Based on the descriptive statistics data provided, we can conclude the following about the internet traffic consumption of users on the Surf and Ultimate plans:

- The mean monthly internet traffic consumption for both plans is relatively similar, with Surf users consuming an average of 16.83 GBs and Ultimate users consuming an average of 17.33 GBs.
- The variance and standard deviation for monthly internet traffic consumption are also quite similar for both plans.
- The median monthly internet traffic consumption for both plans is identical at 17 GBs.
- The standard deviation is relatively small for both plans, indicating that the data is clustered around the mean and there is not a large amount of variability in internet traffic consumption among users on each plan.  

Overall, these statistics suggest that **users on both plans consume similar amounts of internet traffic on average, with relatively little variation among users within each plan**.

#### Visualize the distribution of the monthly internet traffic consumption by users

Let's plot a box plot to visualize the distribution of the monthly internet traffic consumption by users. But, before that, let's have quick refresh of what data our Dataframe - `user_consumption_per_month` holds:

In [None]:
user_consumption_per_month.head(10)

Now, let's get a subset of our data in the Dataframe - `user_consumption_per_month` that belongs to **Surf** plan users. We already have this data in `surf_user_consumption_per_month` Dataframe. So, let's see how the distribution looks for the monthly internet traffic consumption by the surf plan holders:

In [None]:
# Plot a boxplot to visualize the distribution of the monthly internet traffic consumption by the surf plan holders
surf_user_consumption_per_month['rounded_up_gb_used'].plot.box(figsize=(16,10))

# Set the plot attributes
plt.ylabel('Internet Traffic in GBs')
plt.title('Distribution of the monthly internet traffic consumption (in GBs) by the surf plan users')

plt.show()

Let's also get a descriptive statistics for the Series - `surf_user_consumption_per_month['rounded_up_gb_used']`:

In [None]:
surf_user_consumption_per_month['rounded_up_gb_used'].describe()

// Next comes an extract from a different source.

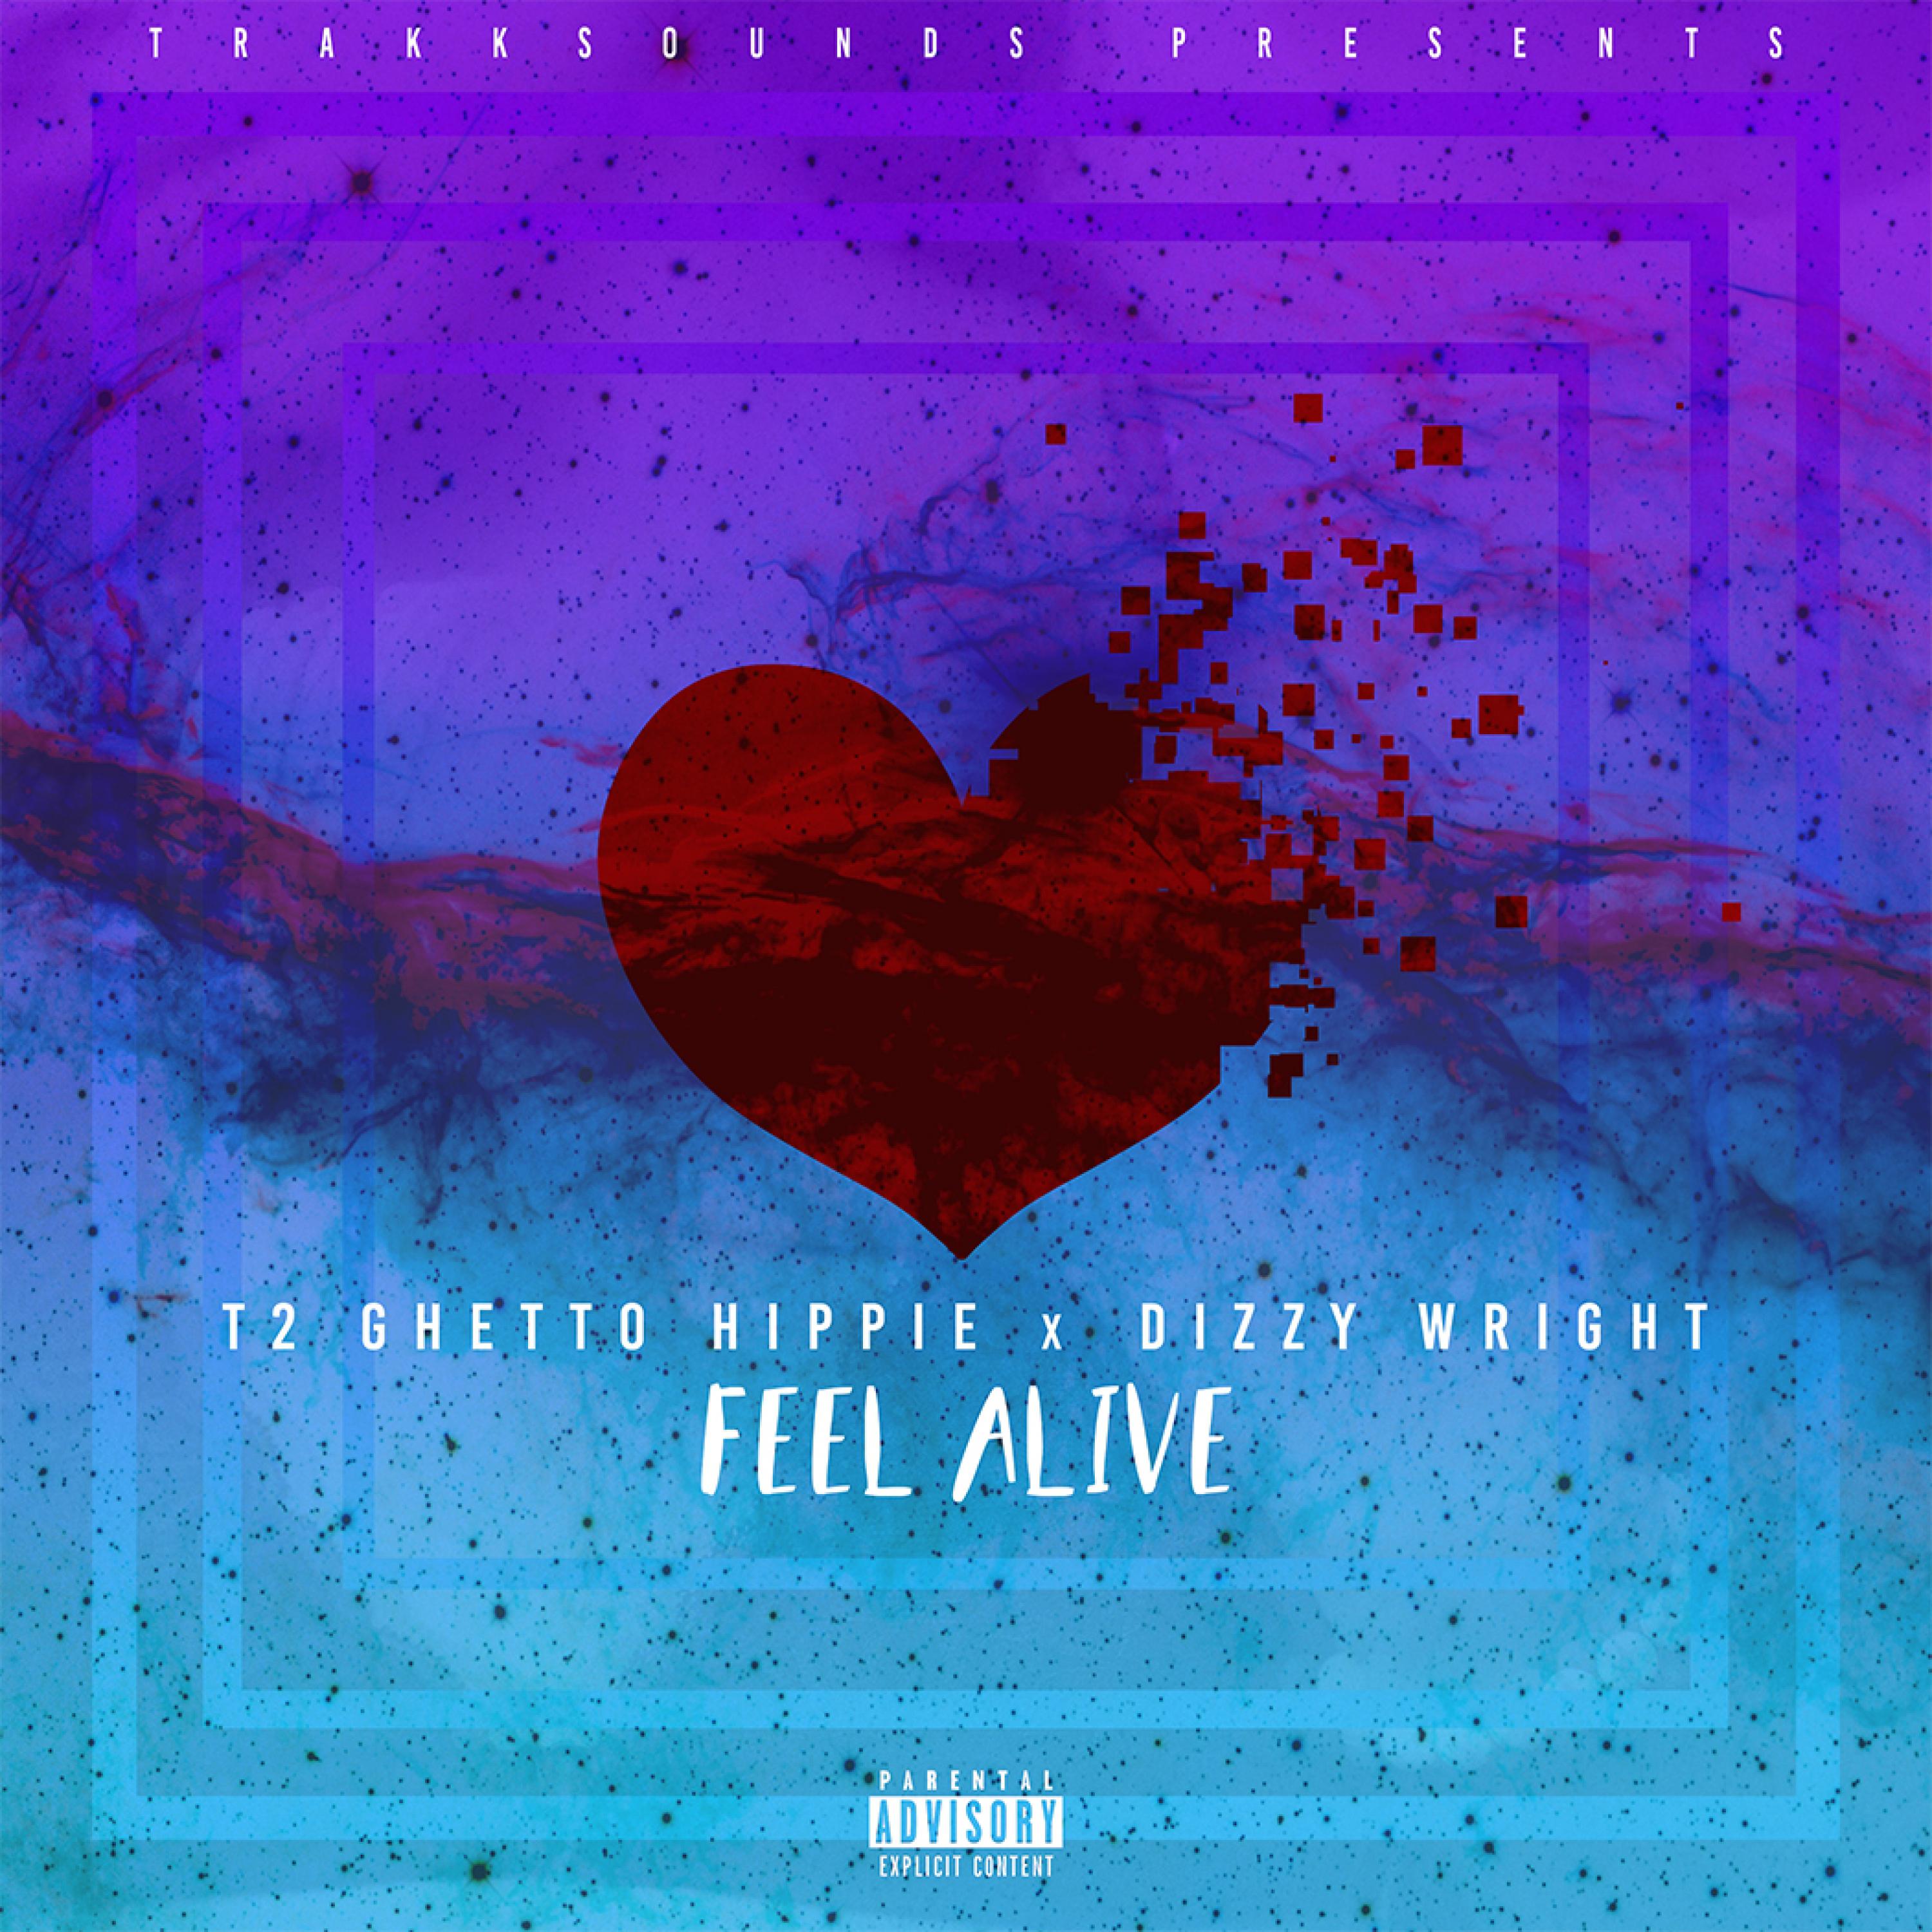 Feel Alive (feat. T2 The Ghetto Hippie & Dizzy Wright)

**Based on the given descriptive statistics data and the observations from the box plot above, we can conclude the following about the distribution of monthly internet traffic consumption for Surf plan users**:

- **Count**: There are **1558 data points** or monthly internet traffic consumption values available.

- **Mean**: The average monthly internet traffic consumption for Surf plan users is **16.83 GB**.

- **Standard Deviation**: The standard deviation of monthly internet traffic consumption for Surf plan users is **7.71 GB**. This indicates that there is a significant variation in monthly internet traffic consumption among Surf plan users.

- **Minimum**: The minimum monthly internet traffic consumption is **1 GB**. This indicates that some users consumed very little internet traffic during the month.

- **Maximum**: The maximum monthly internet traffic consumption is **70 GB**. This indicates that some Surf plan users consumed a large amount of internet traffic during the month.

- **Quartiles**: The 25th percentile of monthly internet traffic consumption is 12 GB, **the median (50th percentile) is 17 GB**, and the 75th percentile is 21 GB.  

- There are many outliers in the distribution, **70 GB** being the maximum.

Overall, we can conclude that **the distribution of monthly internet traffic consumption for Surf plan users is positively skewed or right skewed**, with a large range of variation in the amount of internet traffic consumed. **The majority of Surf plan users (50%) consumed between 12 GB and 21 GB of internet traffic per month**, while some users consumed as little as 1 GB and as much as 70 GB. 

Now, let's plot a box plot to visualize the monthwise distribution of internet traffic consumption (in GBs) for the surf plan holders:

In [None]:
# Plot a boxplot to visualize the monthwise distribution of internet traffic consumption (in GBs) for the surf plan holders
surf_user_consumption_per_month.boxplot(by ='month', column =['rounded_up_gb_used'], grid = False, figsize=(16,10))

# Set the plot attributes
plt.ylabel('Internet traffic (in GBs) consumed')
plt.xlabel('Months')
plt.title('Monthwise distribution of internet traffic consumption (in GBs) for the surf plan users')

plt.show()

Interesting! We can see that for Surf plan users:
- **The most extreme outliers lie in the month of December**. It's when users have used internet the most.
- **There are no outliers in the months of January, February, March and April**.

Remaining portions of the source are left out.